Although the questions in the midterms and exams vary from year to year, the difficulty level and concepts tested are comparable. In the first midterm, the class average was 78±12%, which is significantly better than the average grade of 66±15% during 2014-2015 using similar questions. We also saw significant increase in final exam grade: 75±14 %, over 55±15% in 2014-2015. However, the final exam questions are different between the two years so the results are not directly comparable.

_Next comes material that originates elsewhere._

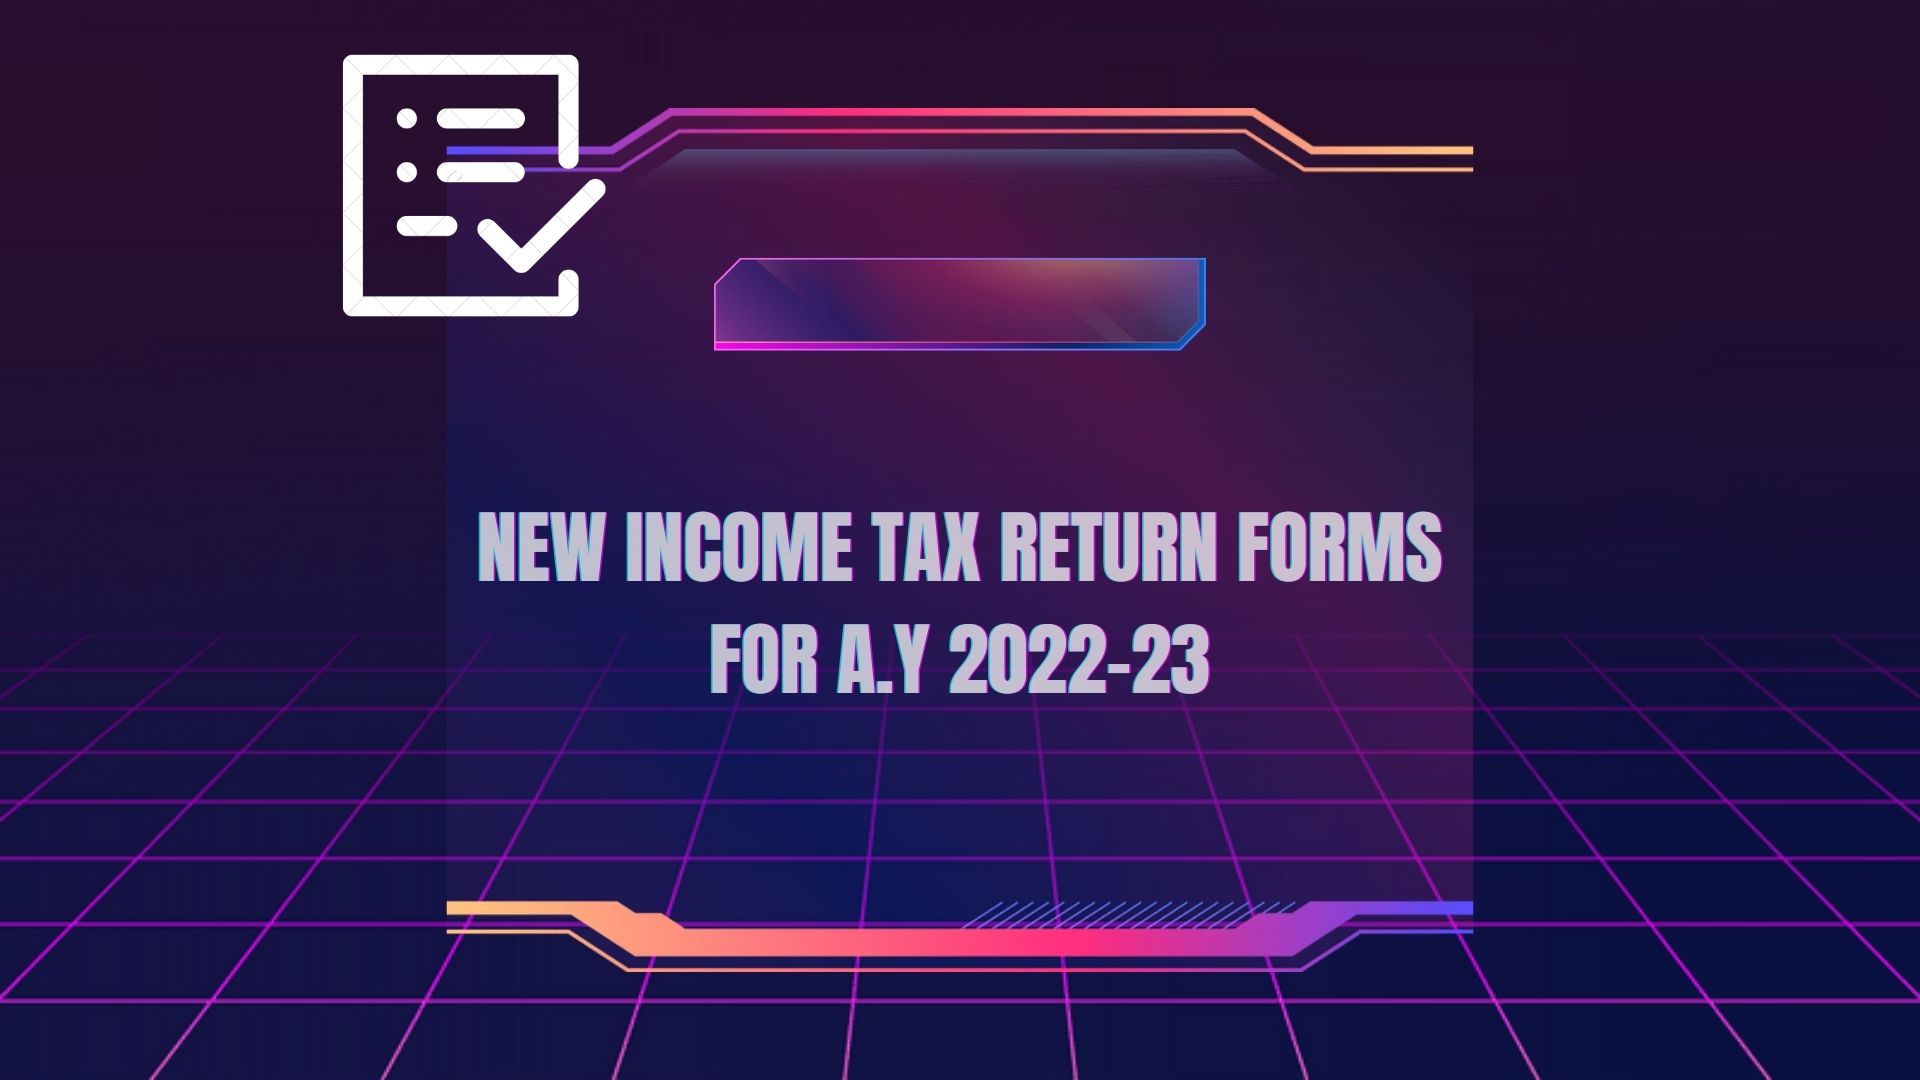 New ITR forms for the A.Y 2022-23

The Canadian Engineering Accreditation Board (CEAB) accredits undergraduate engineering programs. One of their accreditation evaluation criteria is graduate attributes which means that the institution must demonstrate that the graduates of a program possesses competency in certain areas. The indicator for knowledge base competence in natural sciences and engineering fundamentals was chosen to evaluate the performance outcomes of the effectiveness of the DAQ. The 2018 assessment is compared to the last assessment done in 2014. The data presented in *Figure 7* indicates that there was no statistical significance between the two years.

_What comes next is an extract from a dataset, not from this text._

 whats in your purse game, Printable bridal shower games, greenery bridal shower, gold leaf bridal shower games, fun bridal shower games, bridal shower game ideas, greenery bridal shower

These measurements do not show a systematic and statistically significant measurement on student’s learning outcomes. Without a control group, it reduces the ability to make casual conclusions. In order for this to be a robust pedagogy research experiment, we would need to run a control group that does not include the DAQ module alongside a group that uses the DAQ module. We need to take into account the student’s experience about the addition of the new module as this module is meant to be an experiential learning experience. We would also need a way to measure the carry over of knowledge to other courses and projects. However, based on the midterm and exam data that we have, we can hypothesize that the DAQ module may improve engineering students’ fundamental tool box in math and statistics through a hands-on experience that allows them to see and understand the experimental conditions based on exam scores. We hope that the they will be able to link the material learned in this course to their future courses and labs.

## 4.

## Conclusion

As technological advances are made and are accessible to students and educational institutions, our methods of teaching are also able to evolve to more efficiently teach our future engineers. With this DAQ system, students perform and learn data acquisition, processing, and statistical analysis through IoT big data platform. The experiential learning module that we have created encourages a hands-on approach to statistics which is what engineers need to see their theory put into practice. As a result, students achieved higher test results and can link the content learned in this course to other courses, laboratories, and hopefully in their professional careers.

## Acknowledgement

The PI Vision software is provided by OSIsoft. The authors acknowledge Mr. Christian Foisy and Ms. Erica Trump from OSIsoft for their extensive technical support to the PI Vision platform. EM acknowledges a McMaster Faculty of Engineering Dean’s PhD Excellences Award and the Ontario Graduate Scholarship. CC acknowledges the support from the Paul R. MacPherson Institute for Leadership, Innovation & Excellence in Teaching at McMaster University and its Graduate Student Educational Developer (SED) Program.